WHAT IS NEEDED >> Restate the data word for word. Leave the pictures out.

DATASET EXCERPT >>
──────────────────────────────

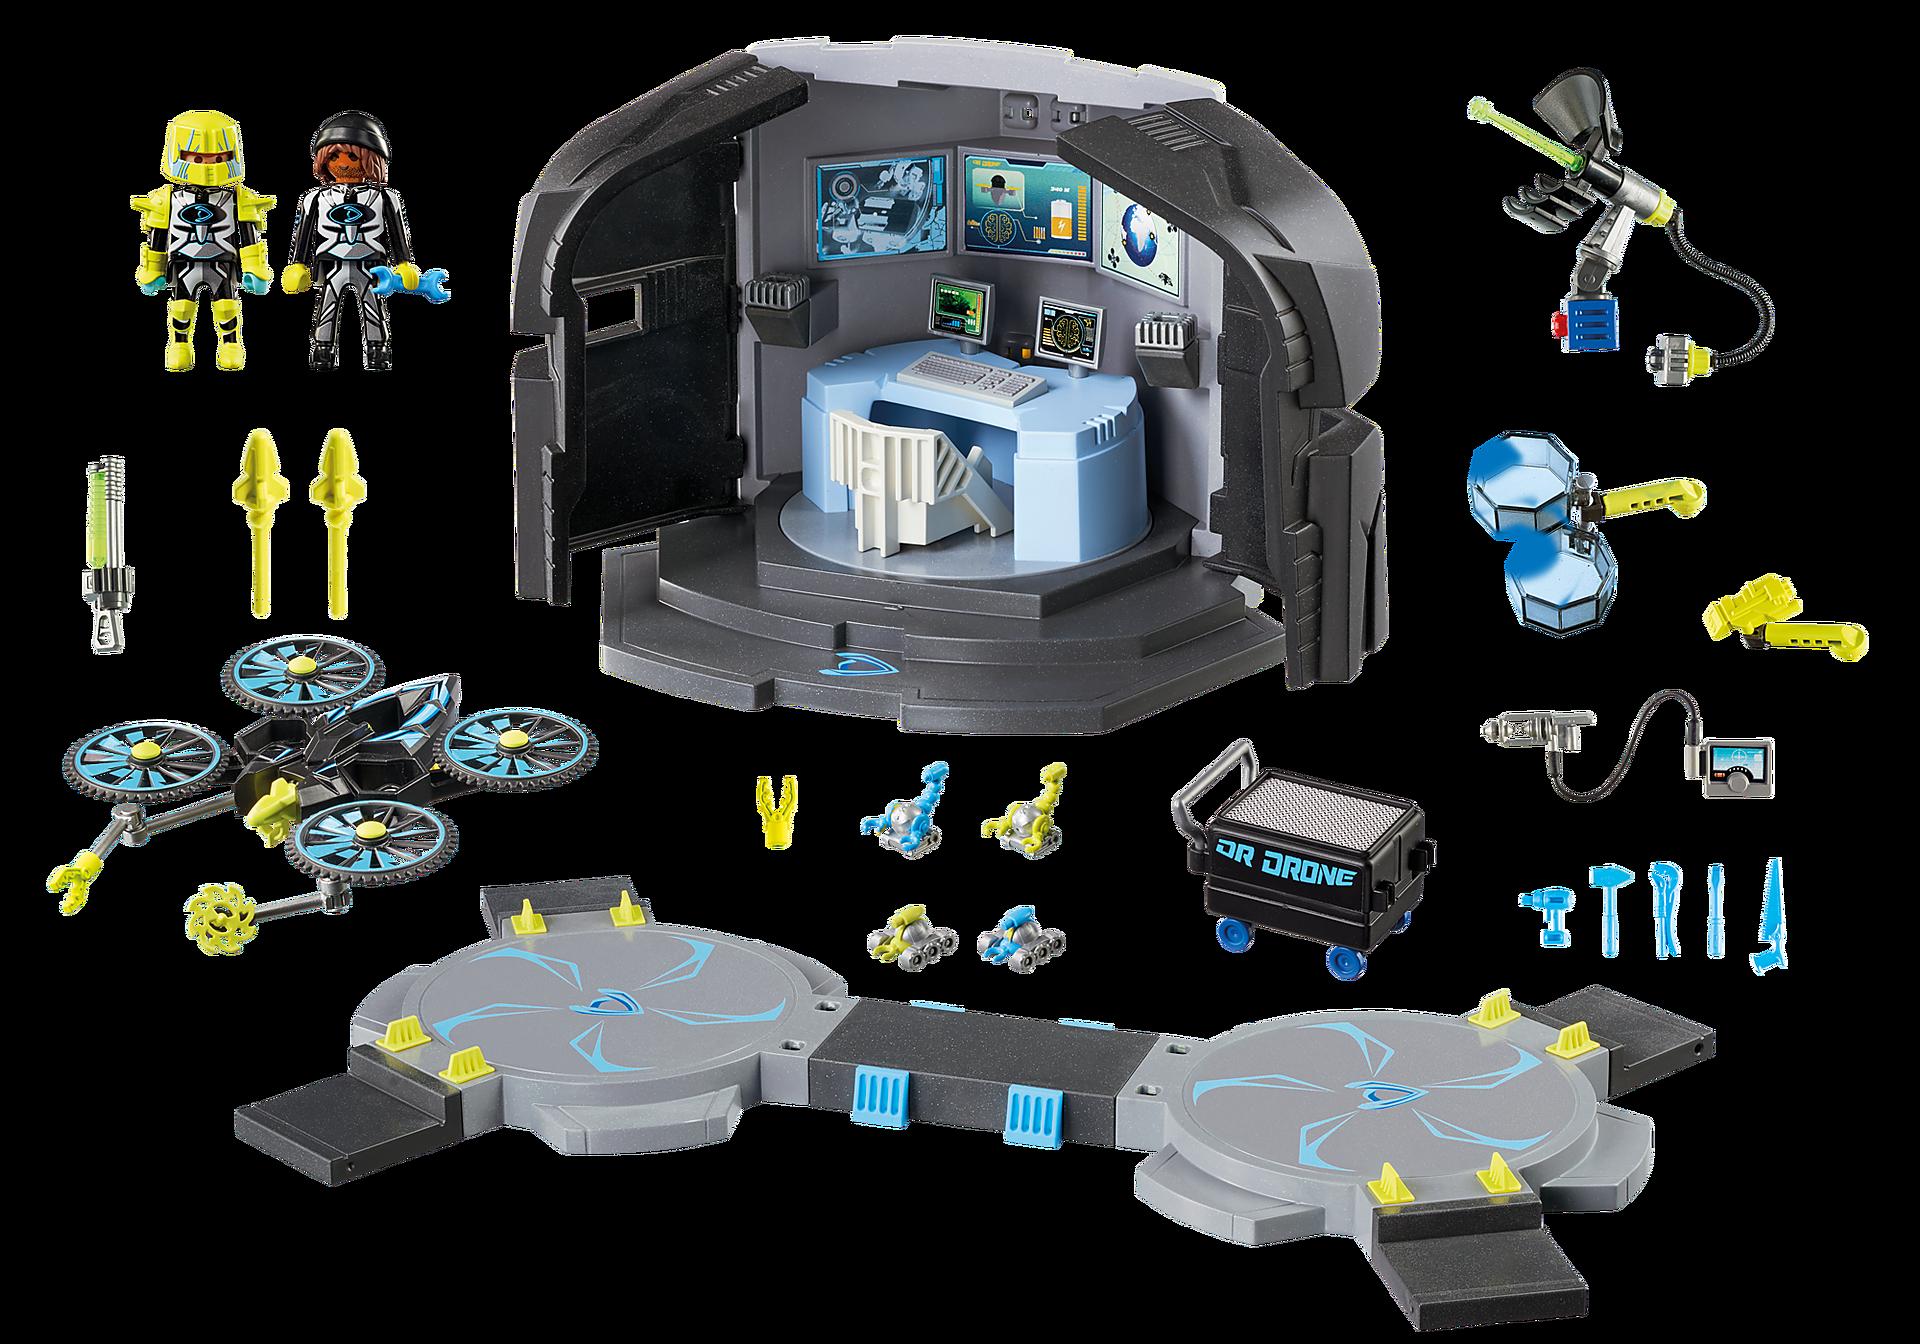 http://media.playmobil.com/i/playmobil/9250_product_box_back/Dr. Drone's Command Center
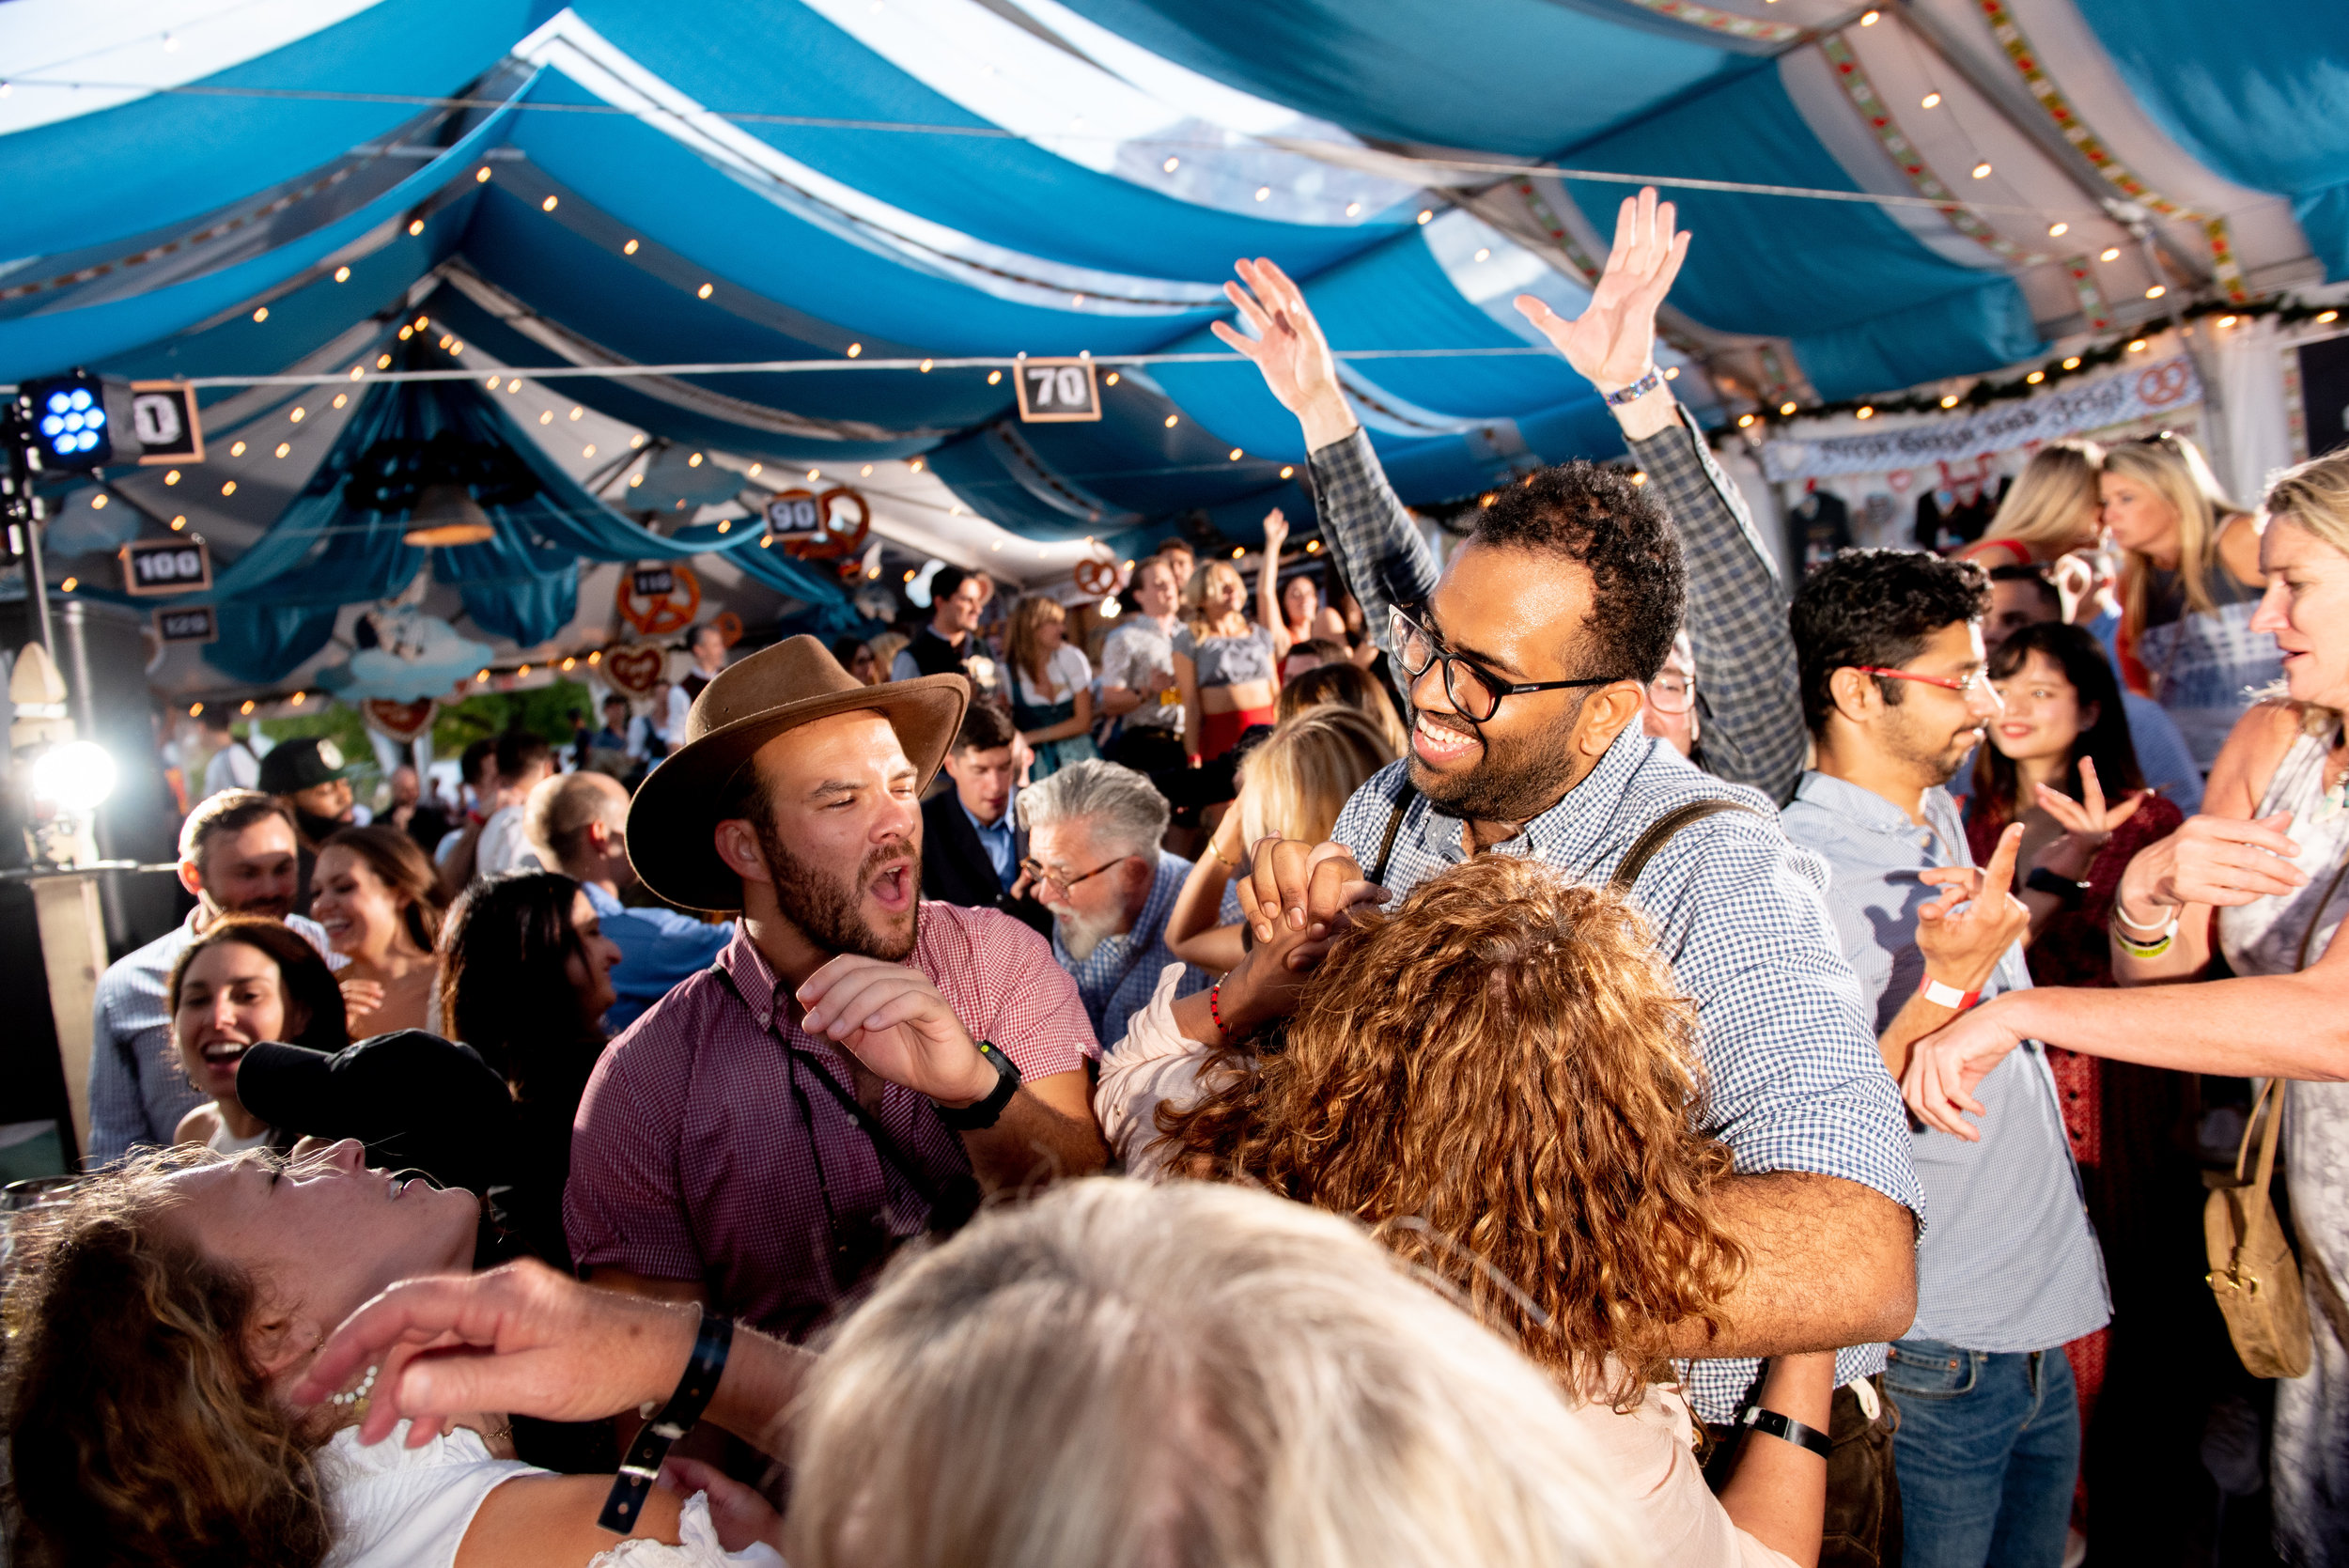 jonathan-mcphail-photography-brooklyn-new-york-nyc-event-events-photographer-5011.jpg
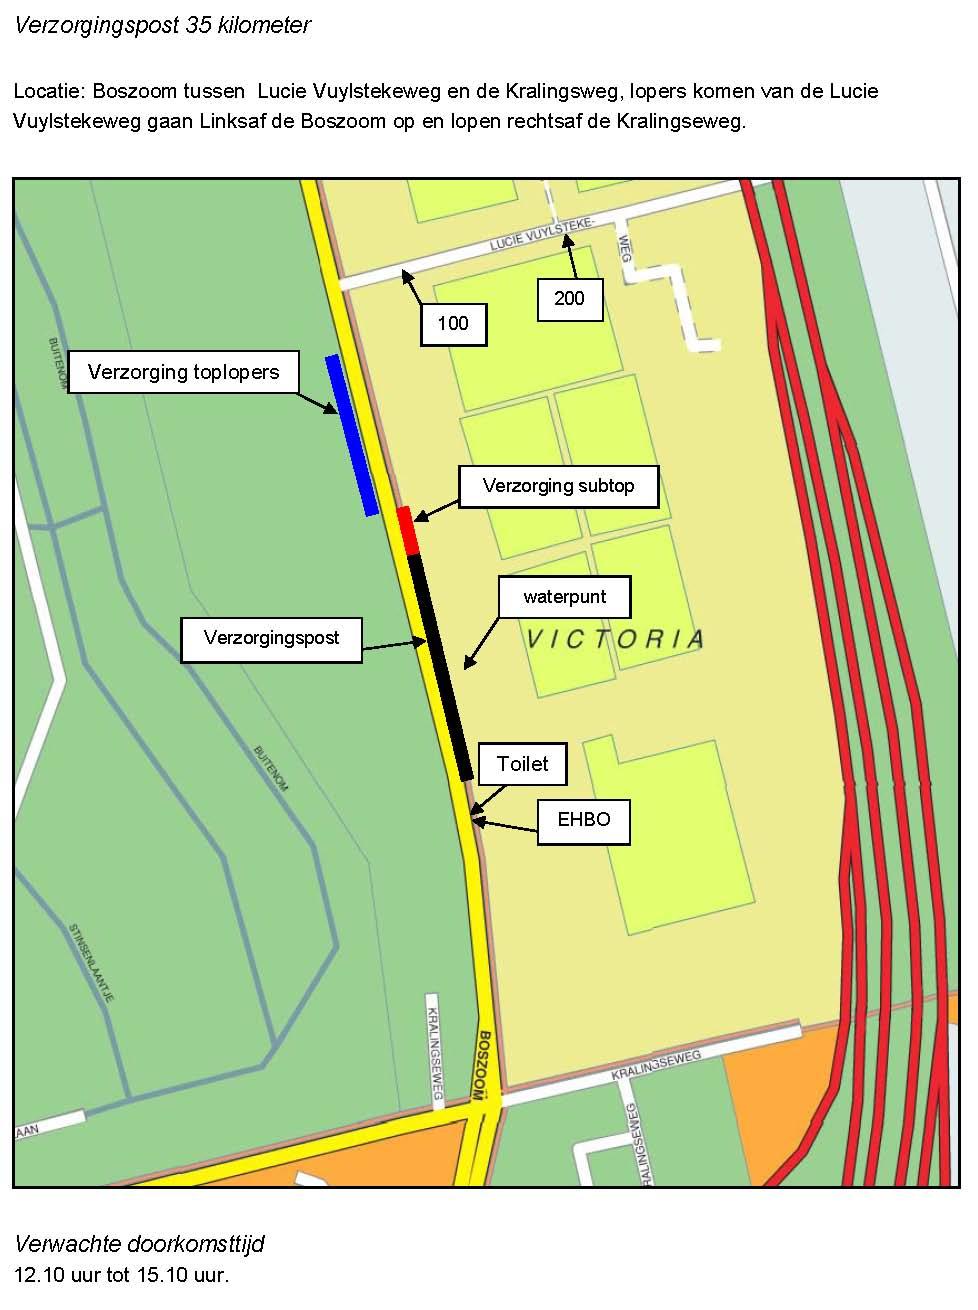 Locatie verzorgingspost marathon van Rotterdam

──────────────────────────────

ANSWER SPACE >>
 http://media.playmobil.com/i/playmobil/9250_product_box_back/Dr. Drone's Command Center
 jonathan-mcphail-photography-brooklyn-new-york-nyc-event-events-photographer-5011.jpg
 Locatie verzorgingspost marathon van Rotterdam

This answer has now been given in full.